Provided data -
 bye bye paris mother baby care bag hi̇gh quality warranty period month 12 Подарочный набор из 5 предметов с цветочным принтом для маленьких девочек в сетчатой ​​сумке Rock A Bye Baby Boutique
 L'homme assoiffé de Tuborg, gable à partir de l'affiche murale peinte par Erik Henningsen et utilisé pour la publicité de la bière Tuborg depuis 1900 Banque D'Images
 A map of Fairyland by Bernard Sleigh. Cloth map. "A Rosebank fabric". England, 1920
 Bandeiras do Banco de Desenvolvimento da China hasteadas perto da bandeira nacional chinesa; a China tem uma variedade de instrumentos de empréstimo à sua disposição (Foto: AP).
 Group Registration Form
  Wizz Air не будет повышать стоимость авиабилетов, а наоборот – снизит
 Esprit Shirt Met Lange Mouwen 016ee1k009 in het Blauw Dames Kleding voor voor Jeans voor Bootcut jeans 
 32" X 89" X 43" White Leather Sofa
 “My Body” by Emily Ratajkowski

What you should do - Nothing should be dropped: transcribe all the material exactly.

Response below -
 bye bye paris mother baby care bag hi̇gh quality warranty period month 12 Подарочный набор из 5 предметов с цветочным принтом для маленьких девочек в сетчатой ​​сумке Rock A Bye Baby Boutique
 L'homme assoiffé de Tuborg, gable à partir de l'affiche murale peinte par Erik Henningsen et utilisé pour la publicité de la bière Tuborg depuis 1900 Banque D'Images
 A map of Fairyland by Bernard Sleigh. Cloth map. "A Rosebank fabric". England, 1920
 Bandeiras do Banco de Desenvolvimento da China hasteadas perto da bandeira nacional chinesa; a China tem uma variedade de instrumentos de empréstimo à sua disposição (Foto: AP).
 Group Registration Form
  Wizz Air не будет повышать стоимость авиабилетов, а наоборот – снизит
 Esprit Shirt Met Lange Mouwen 016ee1k009 in het Blauw Dames Kleding voor voor Jeans voor Bootcut jeans 
 32" X 89" X 43" White Leather Sofa
 “My Body” by Emily Ratajkowski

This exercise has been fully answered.